The old woman calls the shadow revels to an end…; Vampyr
…was on November 4, 1980. Election day of that year. I had come into Manhattan from New Jersey to spend some time with a pretty-much-former girlfriend (hope, although for what exactly I couldn’t say, tending to spring eternal back then), on just what pretext I can’t remember. She made some joke about keeping me out until after the polls closed—she was an avowed Reaganite and wanted some insurance for Jersey, or something.
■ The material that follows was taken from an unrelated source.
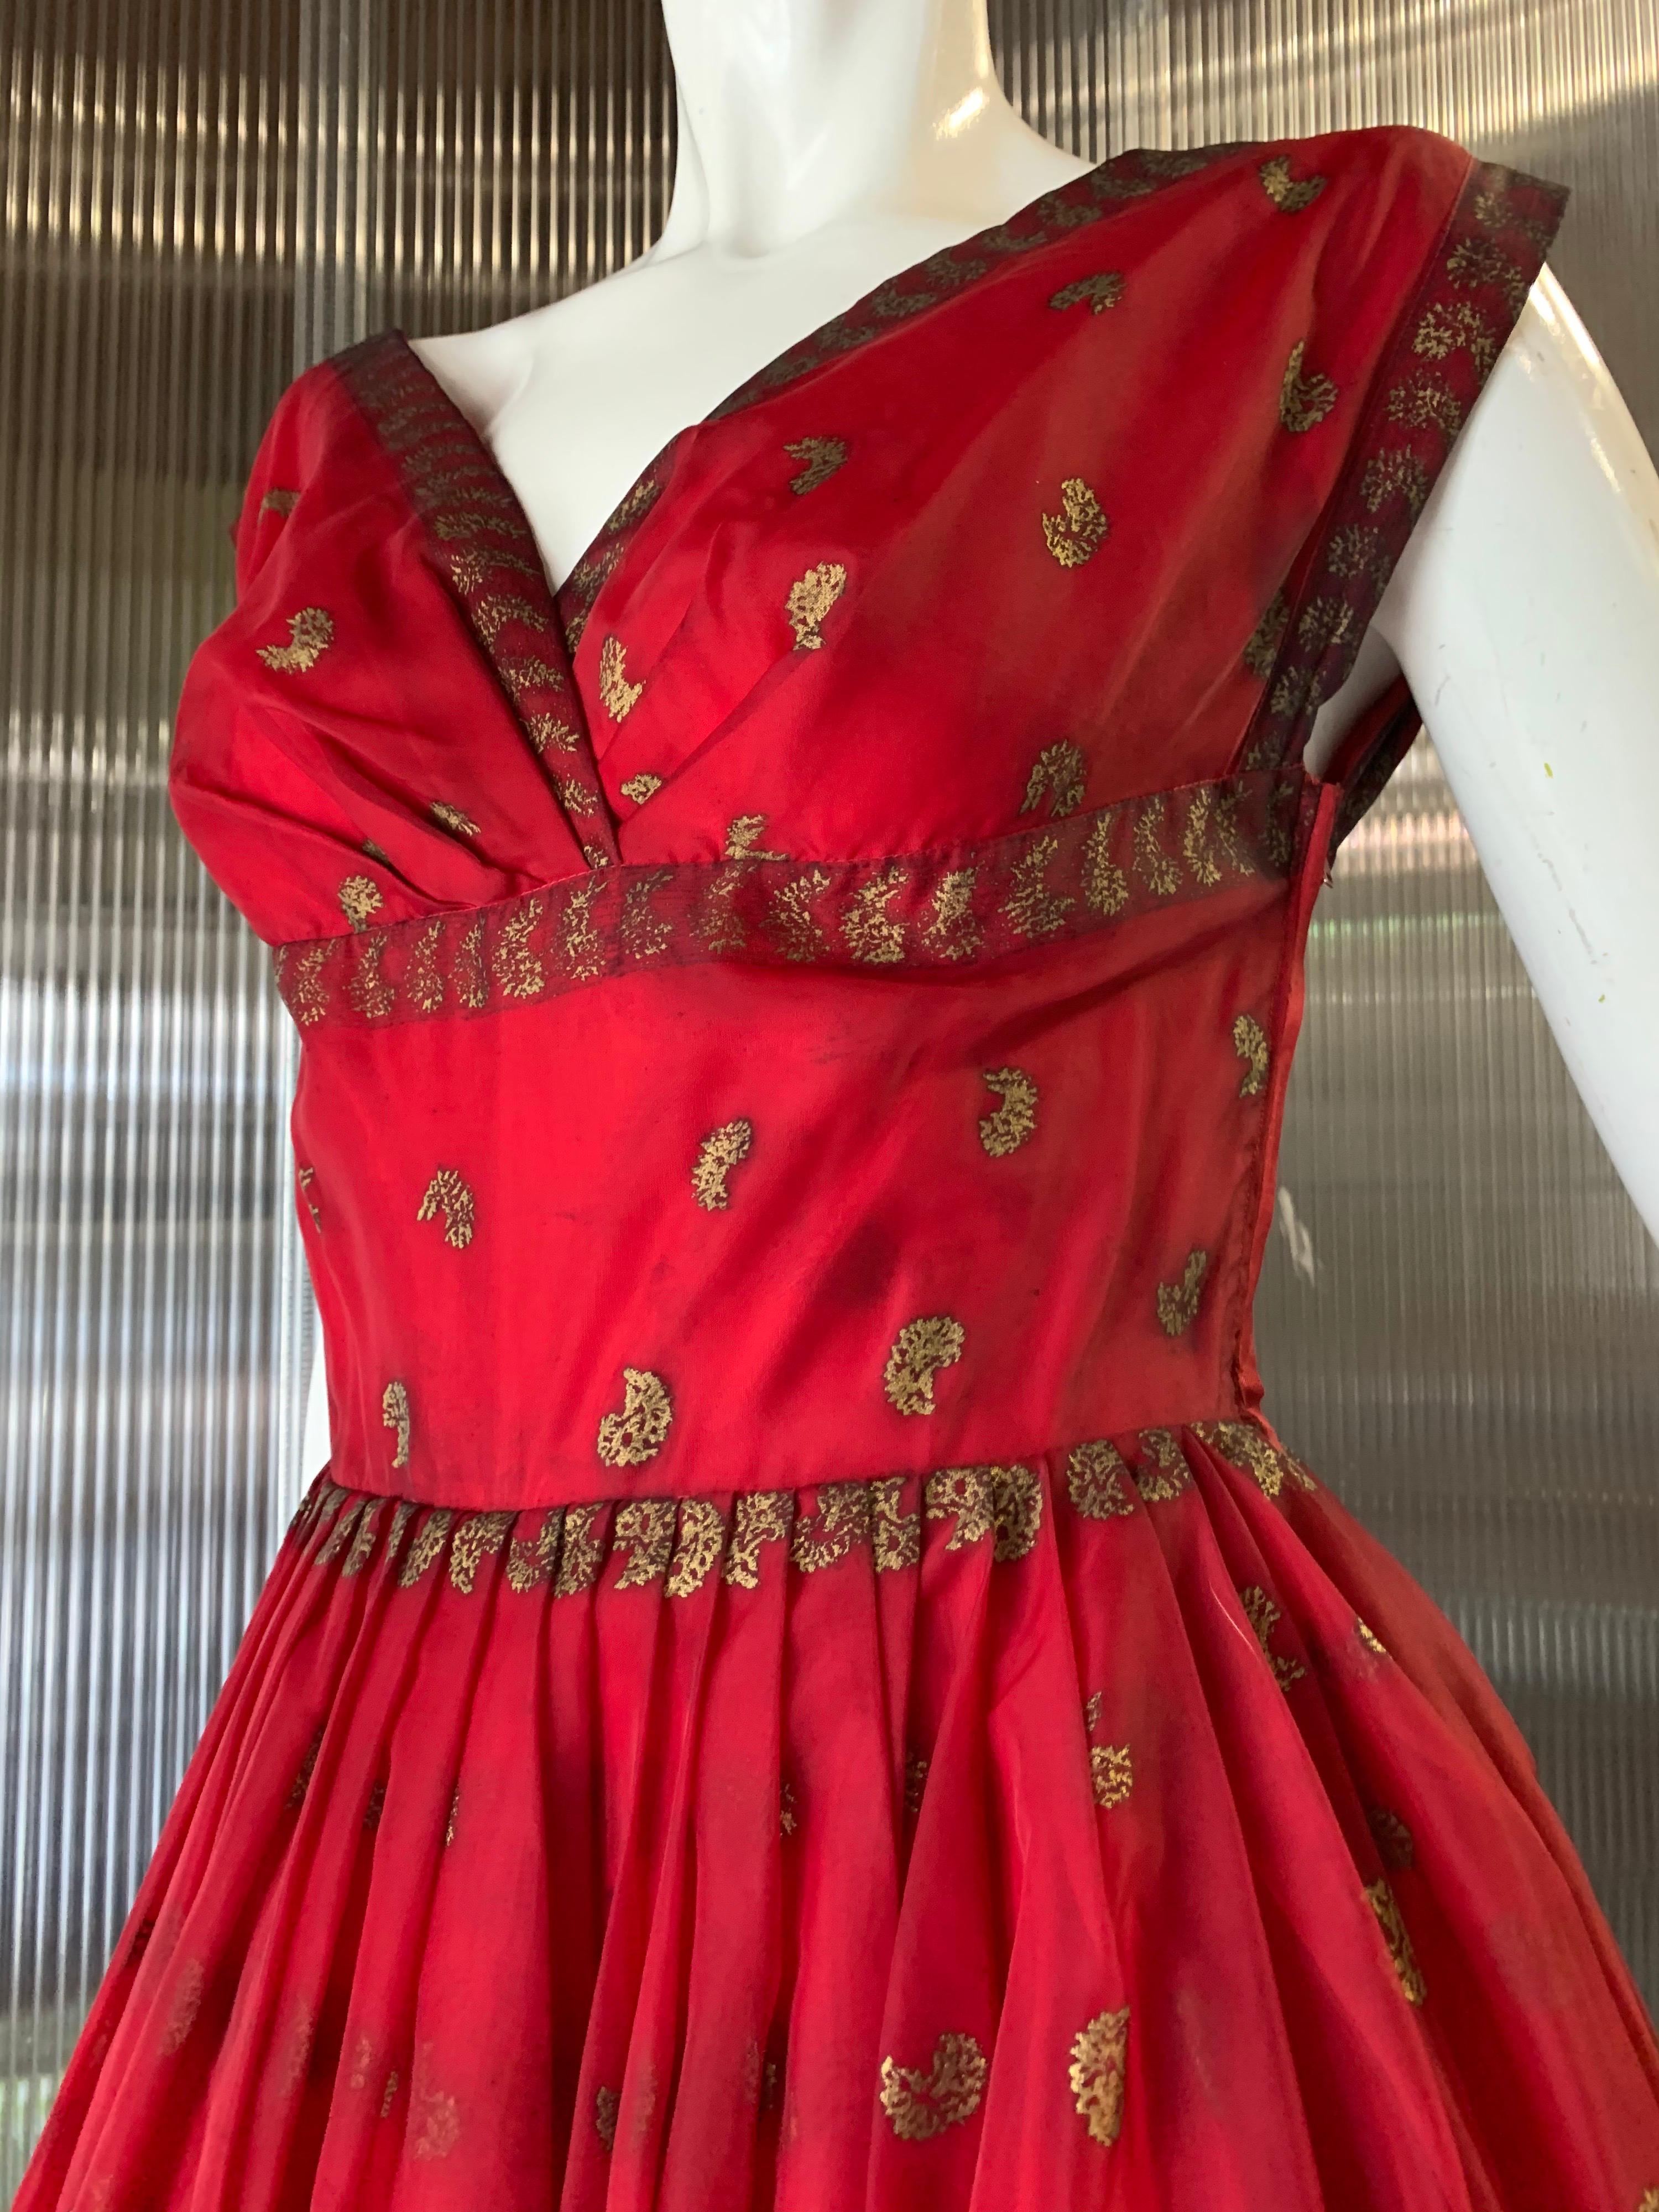 Robe de danse d'inspiration indienne de Fred, datant des années 1950, en organza de nylon cramoisi et motif cachemire métallique doré, avec deux épaisseurs de doublure. Corsage ajusté et jupe plissée. Fermeture éclair sur le côté. Convient à une

Or maybe hanging out with the former girlfriend was a sidelight, and I had actually come into town to see Godard’s Sauve qui peut, which was playing up at the Lincoln Plaza, and I enlisted the former girlfriend (I guess that about now I ought to dignify her with a name—Debra, it was) to come along on account as she was still pretty much the only person I knew in New York (aside from the Brooklyn Kennys) and she was interested in Godard in the way that many non-film/film studies majors at NYU were interested in Godard at the time, that is, kinda/sorta. I don’t know.
The point is we wound up seeing three films that day. First, the Godard, which at the time, coming after such a long period of silence (his last picture to get any kind of meaningful exposure in the States had been Tout va bien in ’72; of course he had been working, making video and film, the whole time of his putative exile from “commercial” cinema, but we just weren’t seeing the work) was beautiful and strange; Godard the pop artist and agitator was gone, replaced by an elegiac post-classicist. I don’t think that’s how I actually put it to Debra as we walked down Eighth Avenue and into Times Square.
Times Square is where we saw the second film, one of the “adult” variety. Debra had never seen one before, and was curious (the fact that in September I had worked as a production assistant on one such picture was a factor here), but of course would never have entered any such theater by herself. I was ambivalent about the prospect (and no, I did not believe that the viewing of such material would work any kind of aphrodisiac effect on her), but I was a fairly pliable ex-boyfriend, so there we went. We were nervous, as being around Times Square back then would make you. There was also the fact that we were determinedly non-erotically engaged with the material. So we chatted. “That’s an interesting angle.” Getting shushed in a porno theater was a little different than getting shushed in a conventional cinema. You felt a little guiltier, for one thing, as if you were interrupting something a bit more crucial to a particular viewer.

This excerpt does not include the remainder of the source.